The challenge is that there will sometimes (or often, depending on the setup) be a disconnect between something that looks believable enough on-screen, in a meeting, and something that’s ready to carry forward into development and production. And if the use of generative AI is confined to experimentation and ideation then this doesn’t pose an issue; but if the same systems are being adopted with the view that they can replace existing solutions and workflows that extend deeper into the product journey, then this is where the issues will arise.
This is why the World Trade Organisation’s emphasis on developing economies rings so true. Much of the industry’s hands-on expertise and specialist patternmaking, sizing, and construction knowledge sits in supplier bases in Europe, Africa, and Asia. Contrasted against the objectives set for the actors that make up that supplier landscape, the use of AI inside brand headquarters has tended to circle a much narrower set of goals: speed and cost. Quicker sketches that don’t tie up design time, campaigns that can be turned around leaner, copy that doesn’t need another freelancer commissioned. Each case makes sense on its own. But the risk isn’t only that more is being made, faster. It’s that what’s made looks finished enough to move along, further up the chain, until someone who works for a partner spots the fundamental issues with a brief or tech pack.
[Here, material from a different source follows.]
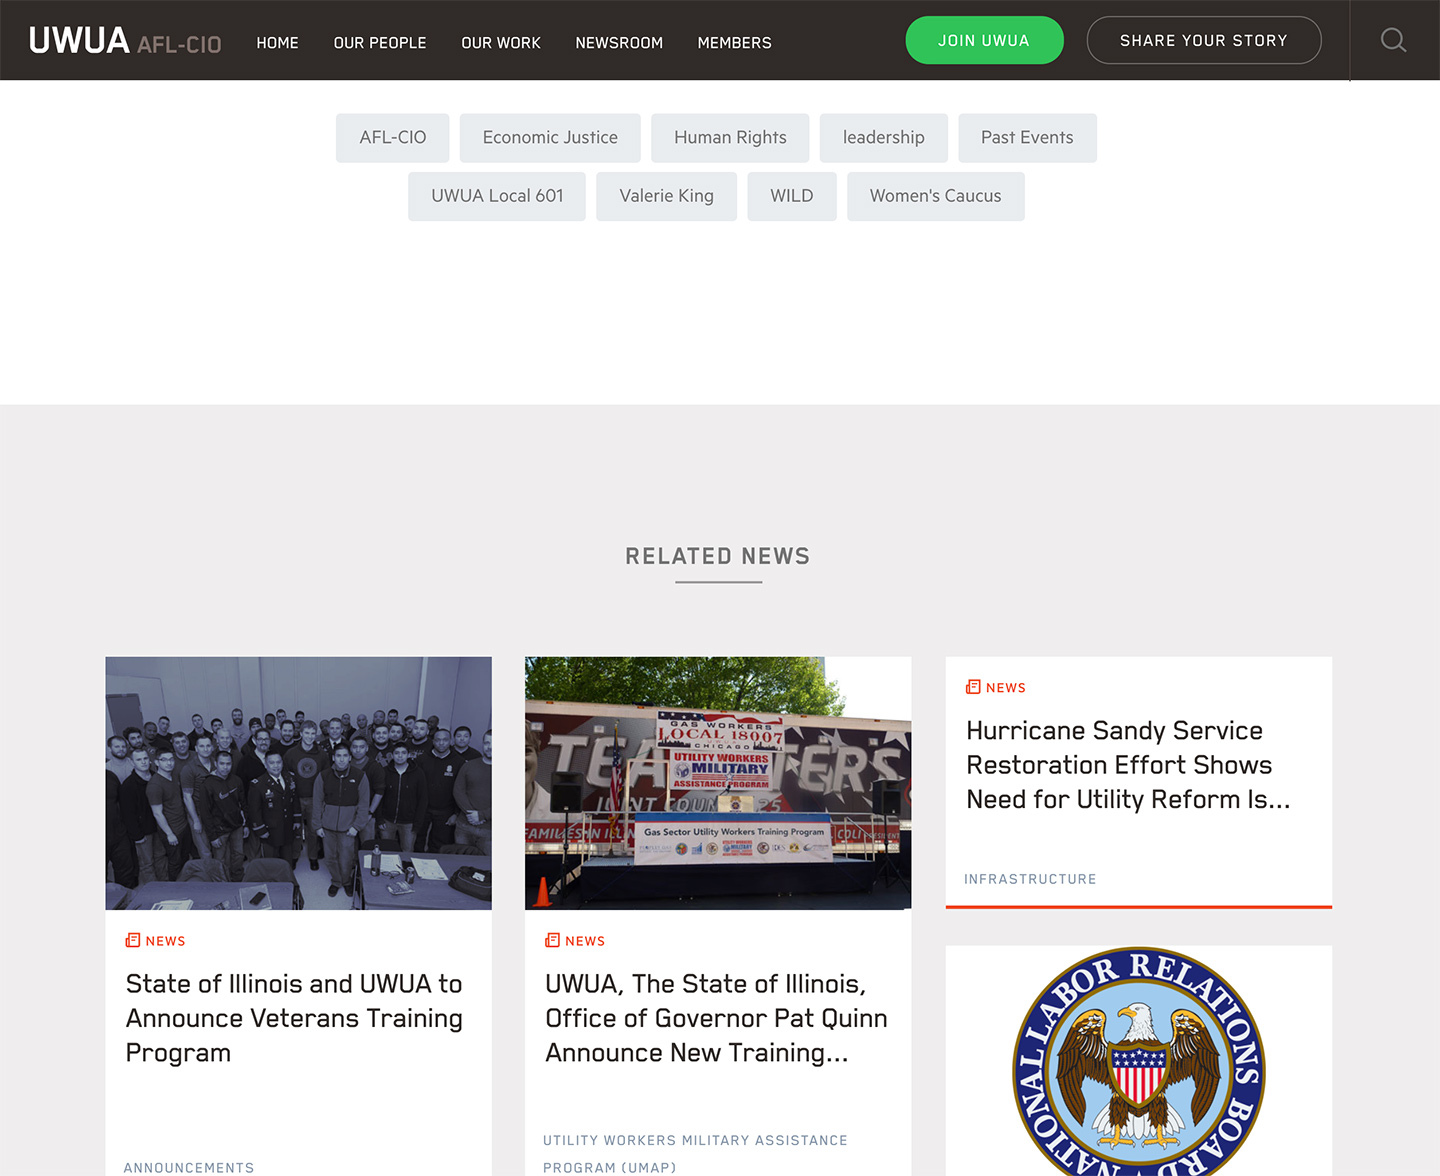 Utility Workers Union of America (UWUA): UWUA Utility Workers Union of America - News and Tags

Yet, the upstream AI picture isn’t all cautionary. There are examples where AI doesn’t compete with skill so much as compound it. Systems that catch defects before they spread down a line. Grading tools that turn days of work into hours. Yield models that shave waste while trimming costs. None of these feel especially futuristic, they’re ordinary, almost boring, which is what makes them work. They don’t ask anyone to rethink the process, they just sit inside it, amplifying the judgement that’s already there.
We’ve said this before in different ways, and it’s worth repeating: prompts are cheap, but the taste and judgment required to make physical sense of them is not, or at least shouldn’t be when we consider just how much value it adds to the typical product journey. Big AI labs like to talk about productivity and efficiency, but it’s vital to remember that those don’t come from the flood of ideas, drafts or images on their own. Productivity benefits are realised when those outputs meet the skills that can carry them through to reality.
For The World Trade Organisation’s projections to hold, the issue isn’t whether AI can generate more ideas, more options, or more open-ended possibilities. The real test is whether fashion will avoid the pitfall of leaping into AI’s accelerating effect on output, without investing in a commensurate way in the people who can determine how useful that output really is.